**About this exercise**:
Before you return the lines below, strip out any images and keep every word as written.

**Provided data**:
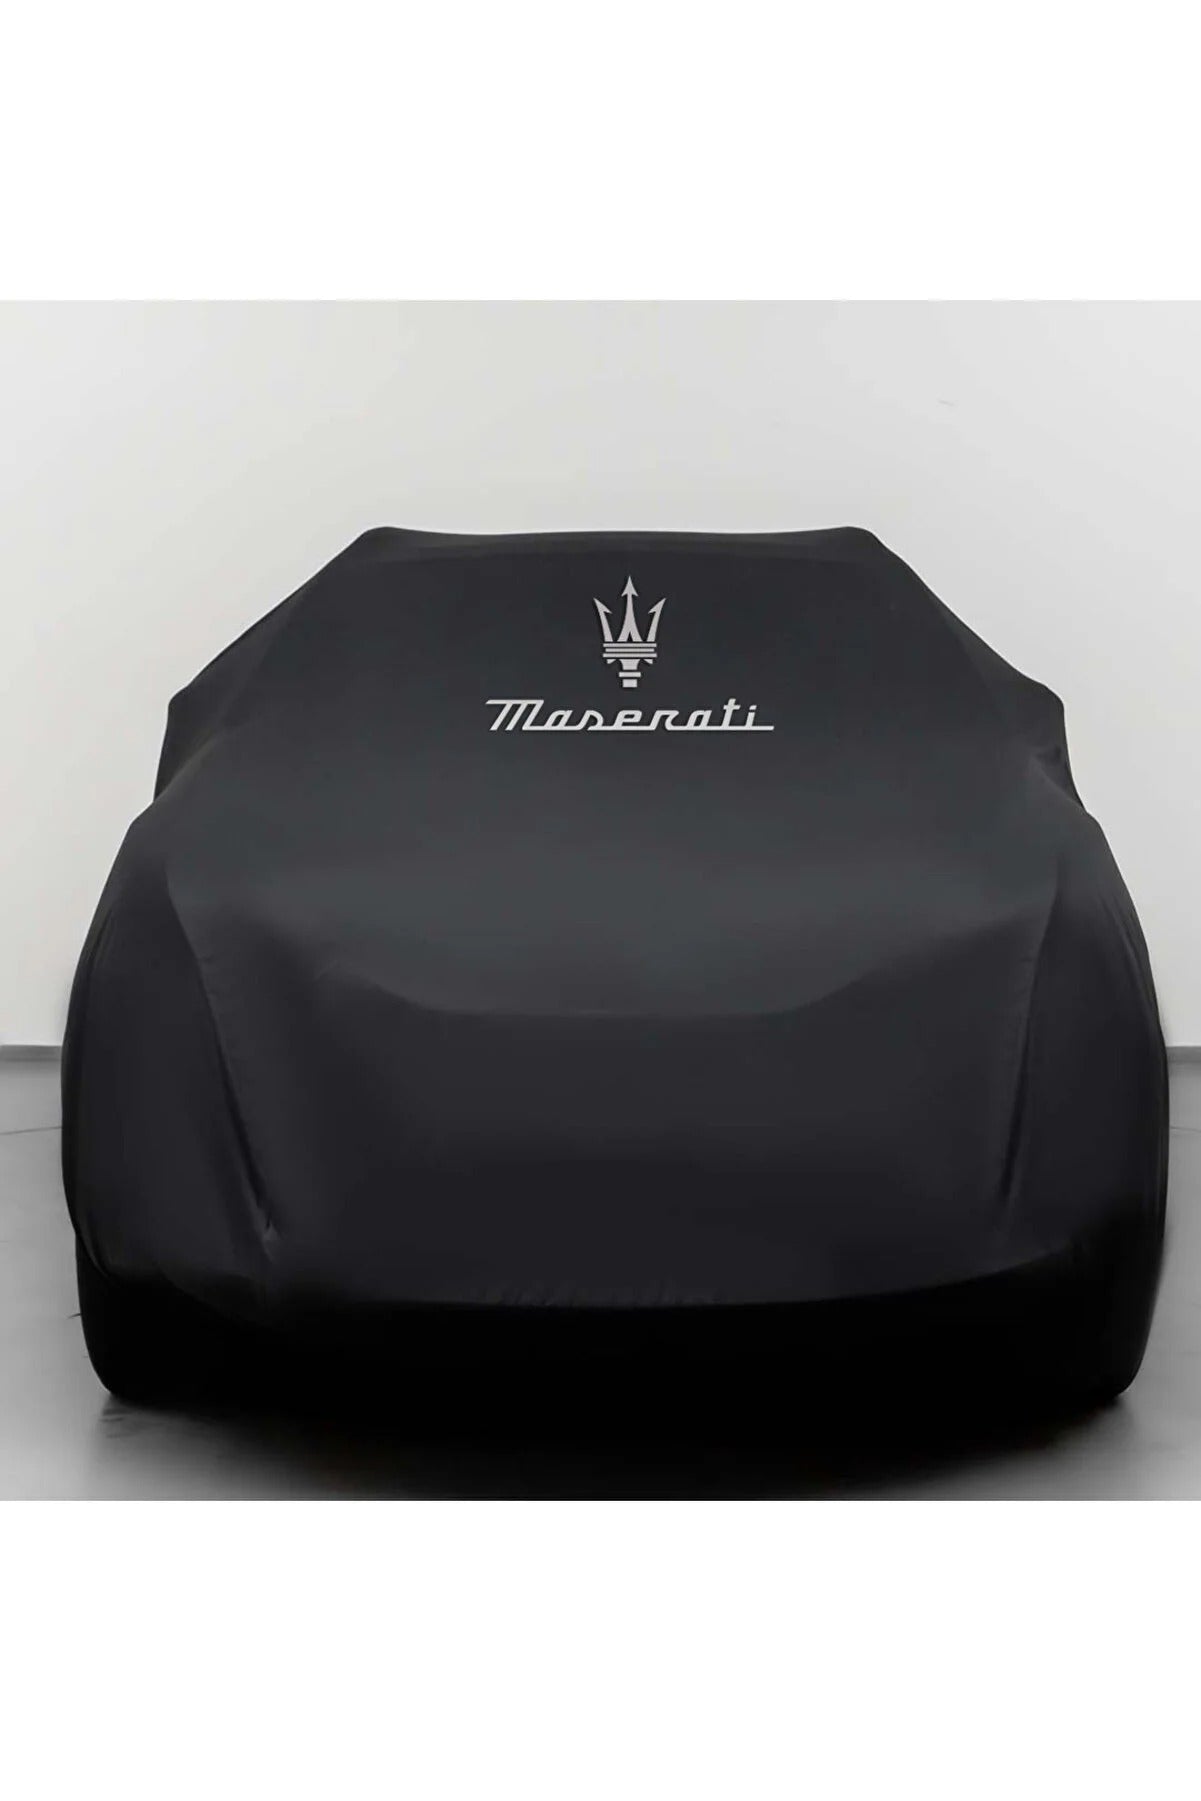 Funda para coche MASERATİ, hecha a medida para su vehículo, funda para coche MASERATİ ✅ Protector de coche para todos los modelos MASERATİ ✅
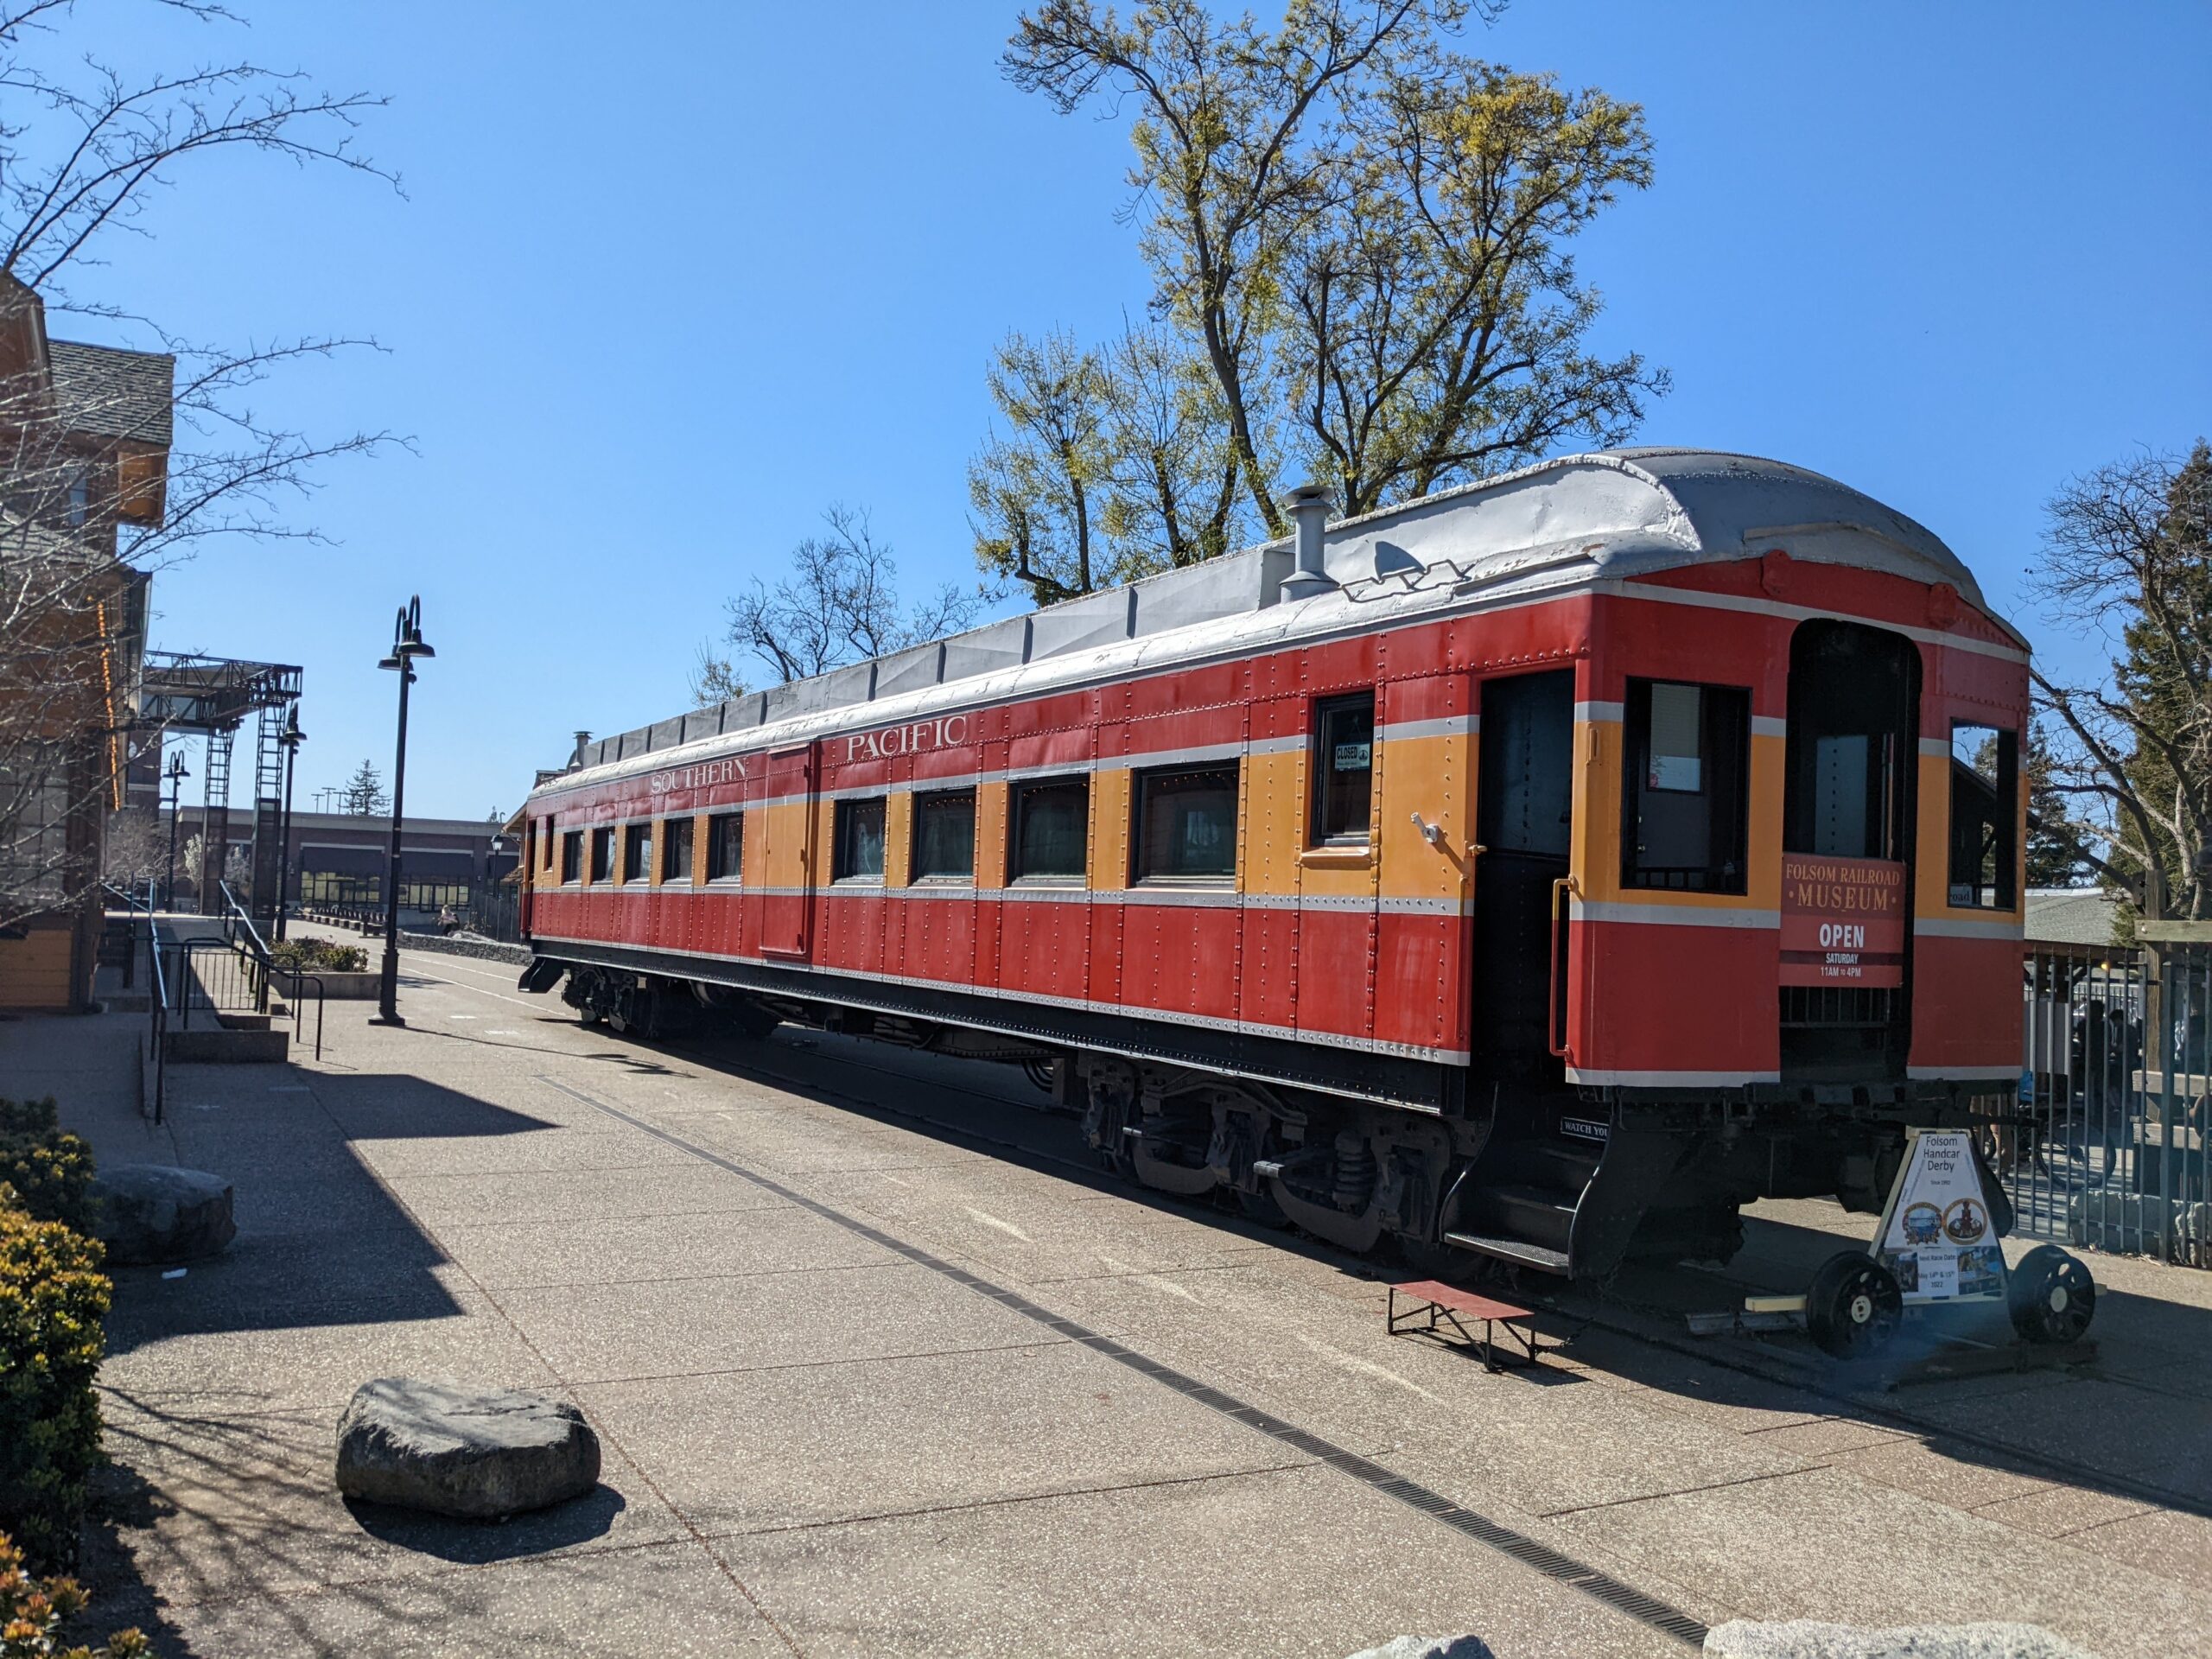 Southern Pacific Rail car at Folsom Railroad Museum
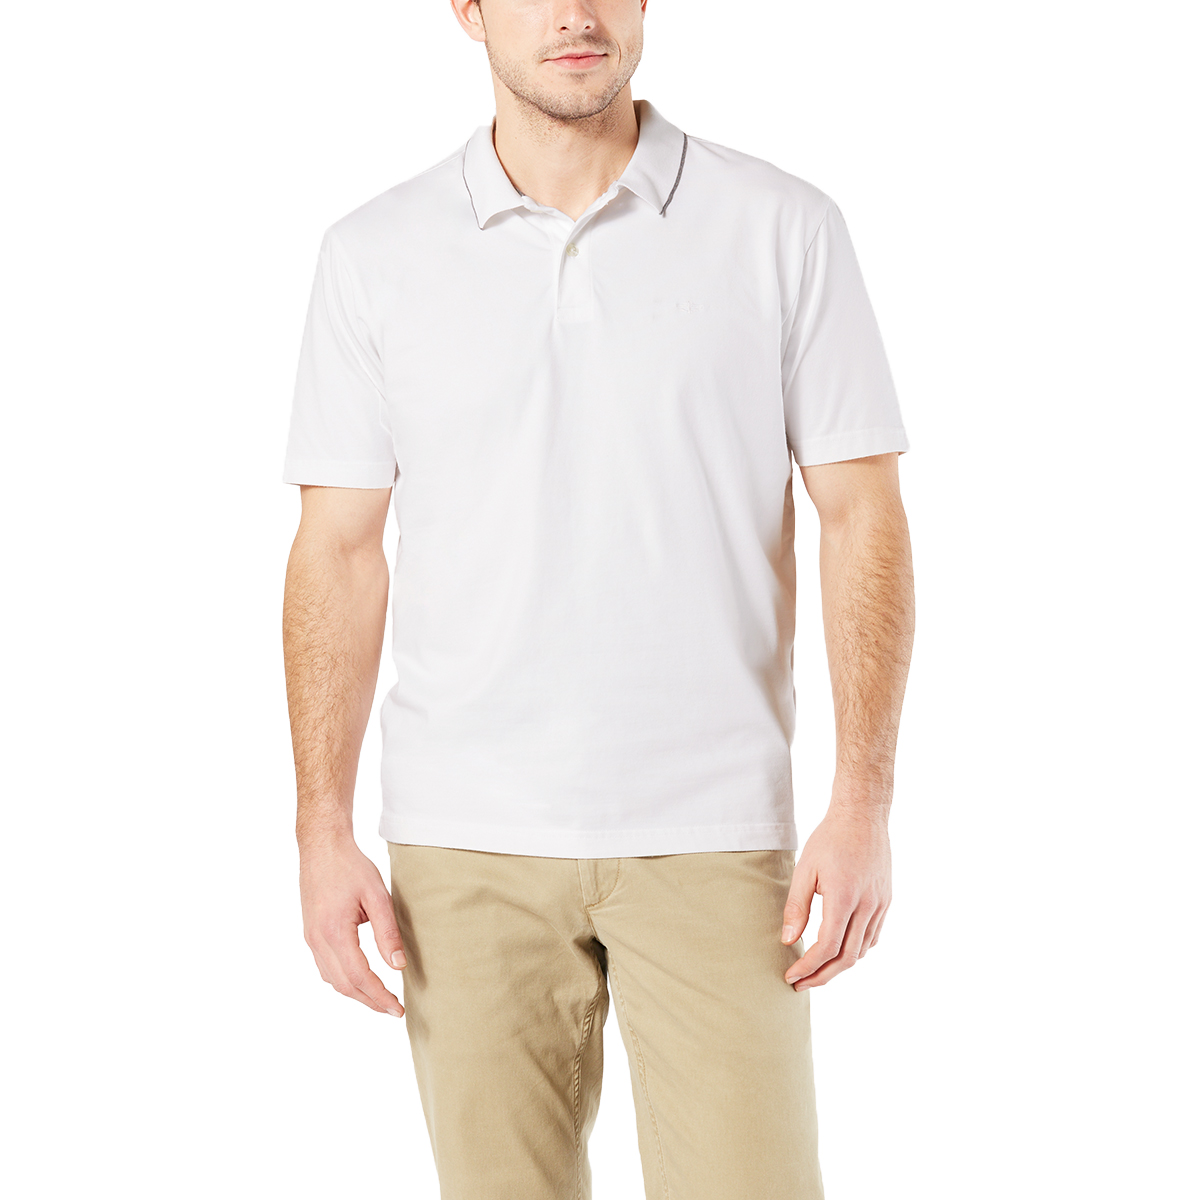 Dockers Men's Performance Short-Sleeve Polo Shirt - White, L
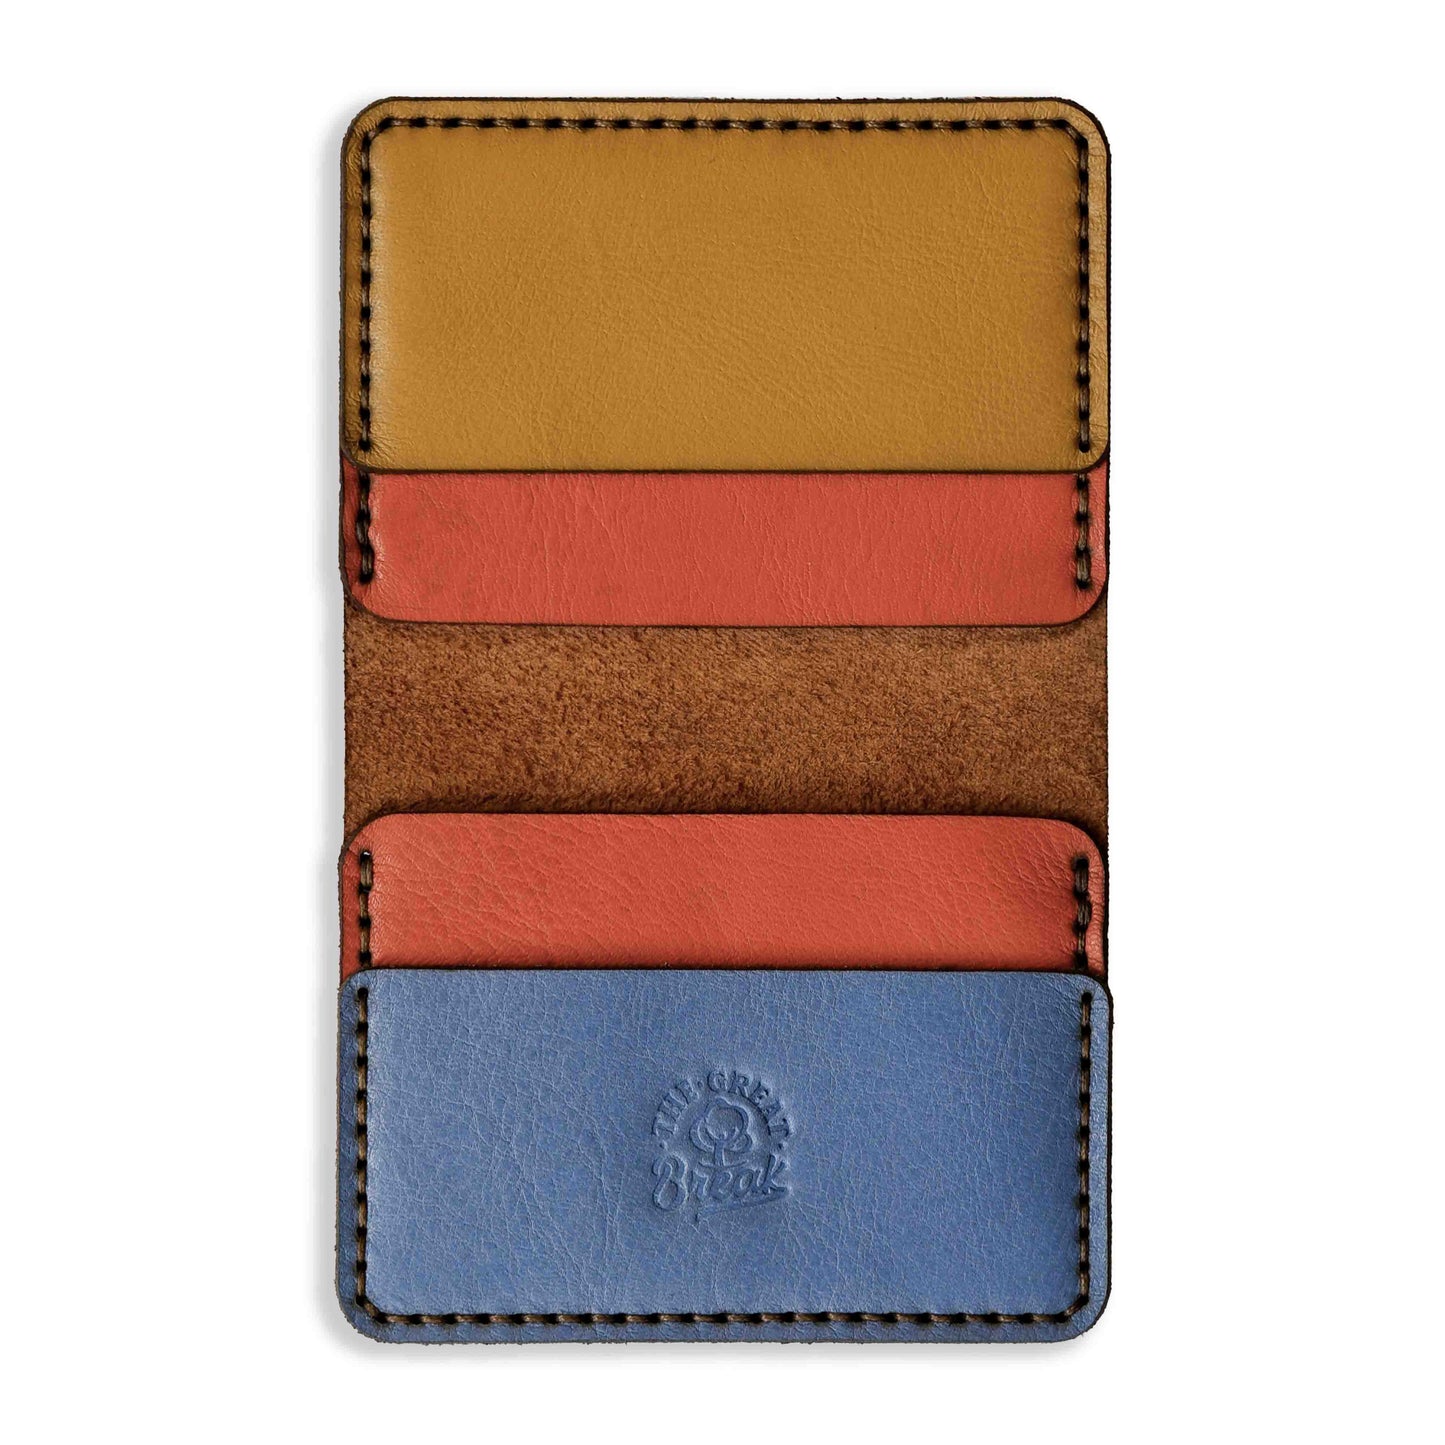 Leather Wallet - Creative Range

**Exercise output**:
 Funda para coche MASERATİ, hecha a medida para su vehículo, funda para coche MASERATİ ✅ Protector de coche para todos los modelos MASERATİ ✅
 Southern Pacific Rail car at Folsom Railroad Museum
 Dockers Men's Performance Short-Sleeve Polo Shirt - White, L
 Leather Wallet - Creative Range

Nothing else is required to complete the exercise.